I tried to switch to Dorado instead of Minimap2 as the alignment tool on my already basecalled data (sup model) but the same problem occured. I will try data already basecalled with the fast model and then try to generate the .bam during the basecalling to see if anything changes.

If only the latter works, it is not ideal for use on cluster as the basecalling needs a GPU which are often on specific nodes, making pipelines/workflows more tricky to set up.

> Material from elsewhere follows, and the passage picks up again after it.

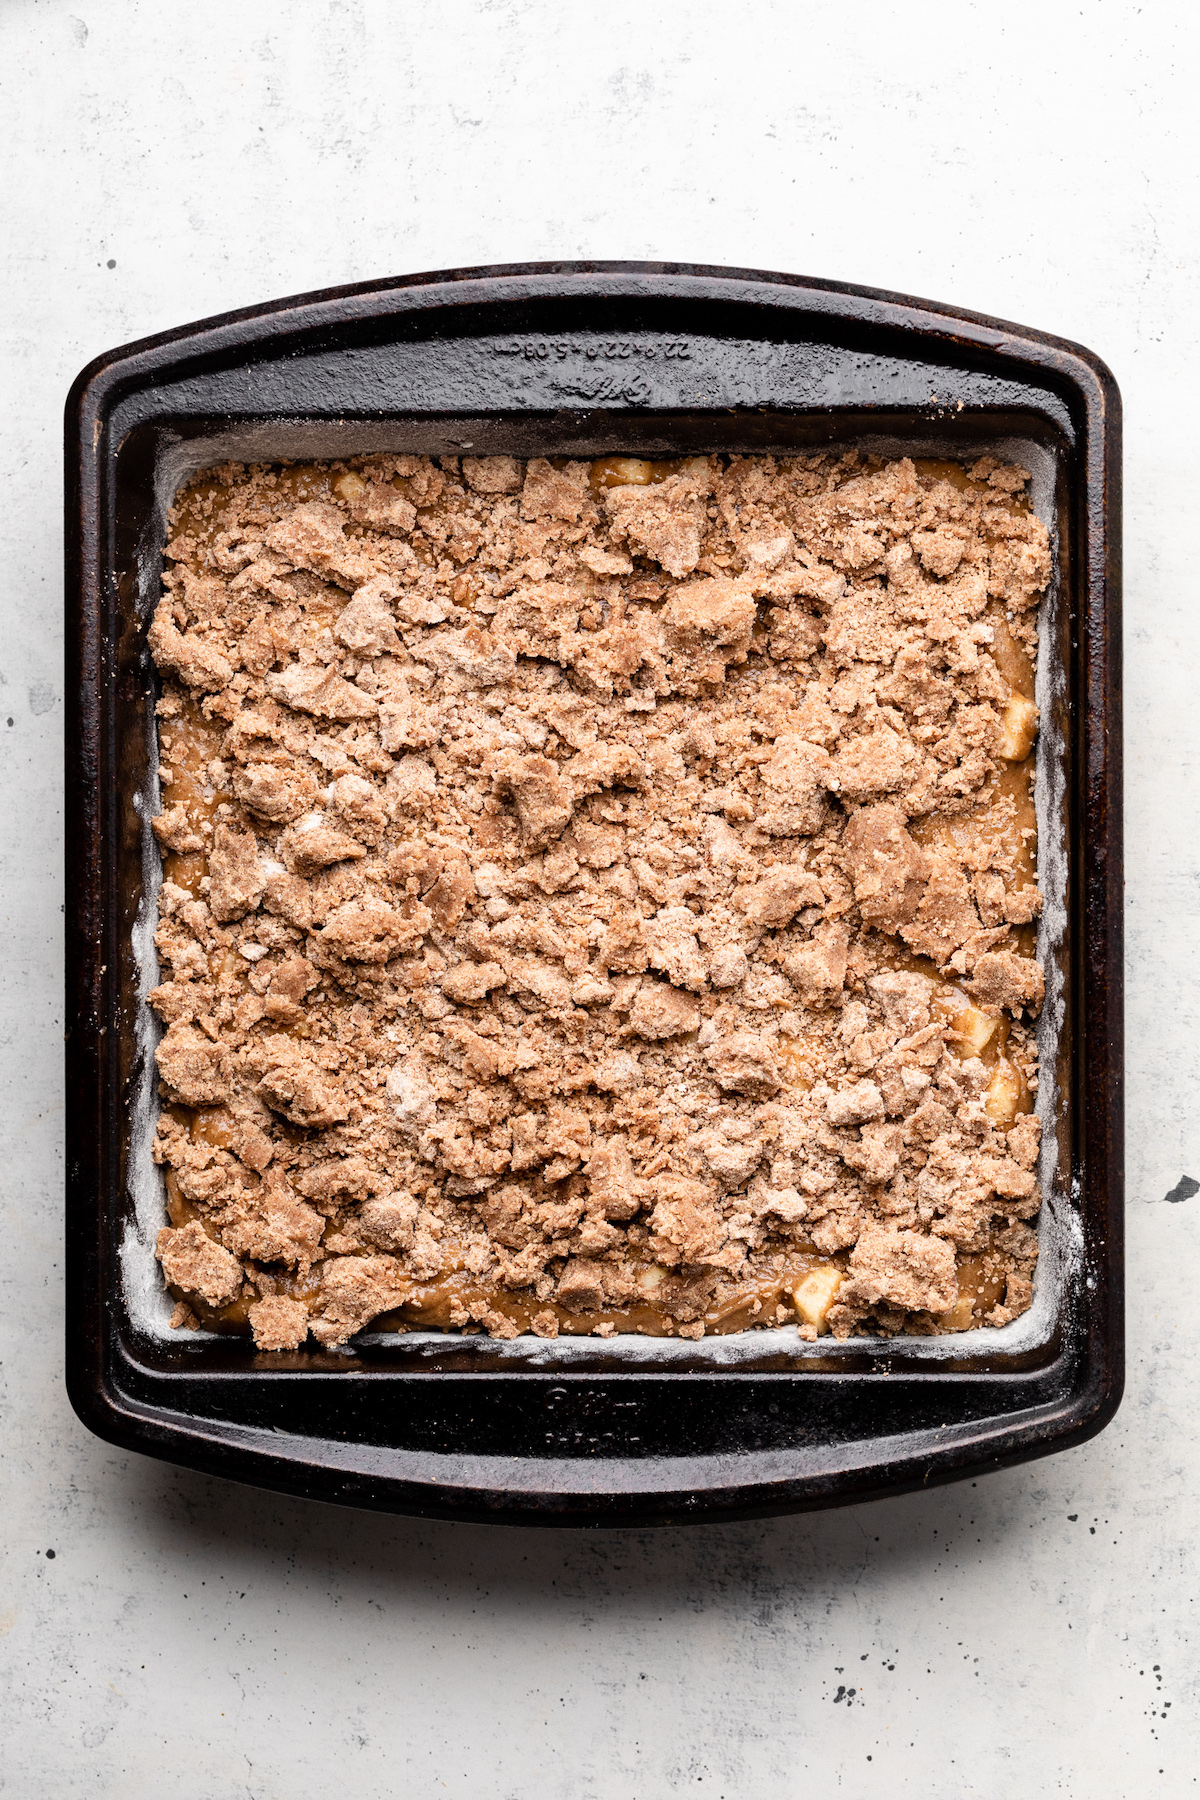 Coffee cake batter in a dark, square baking dish, topped with crumble topping.

samim21 commented 3 hours ago

Hi, I've been getting the same error and I believe I've found the issue. I noticed that if there are any read ids in my bam file that are not found in my pod5 file, detect will fail as soon as it gets to that read. I was getting this error with the previous version of DNAscent as well. This has been a problem because dorado does not currently have an option to disable read splitting, so during basecalling with any model sometimes reads will be split and new read ids will be generated. These read ids are only present in the bam file (or fastq file if you output a fastq with dorado) and are not in the pod5s. I think if it is possible to have DNAscent detect skip reads that are found in the bam file but not in the pod5 file, rather than terminate completely, that would be really useful. Otherwise, I've found that it is fairly easy to first use DNascent index to generate a list of read IDs found in the pod5 file, then subset the fastq file I generate with dorado to remove any read IDs that are created by read splitting before performing alignment and DNascent detect.

MBoemo commented 2 hours ago

Thanks all - I've been away for a few days but I should have time to work on this tomorrow. That's interesting @samim21 but very useful to know. v4.0.3 should be able to gracefully deal with split reads and we haven't had any problems with that but I'll look into it and see what I can do.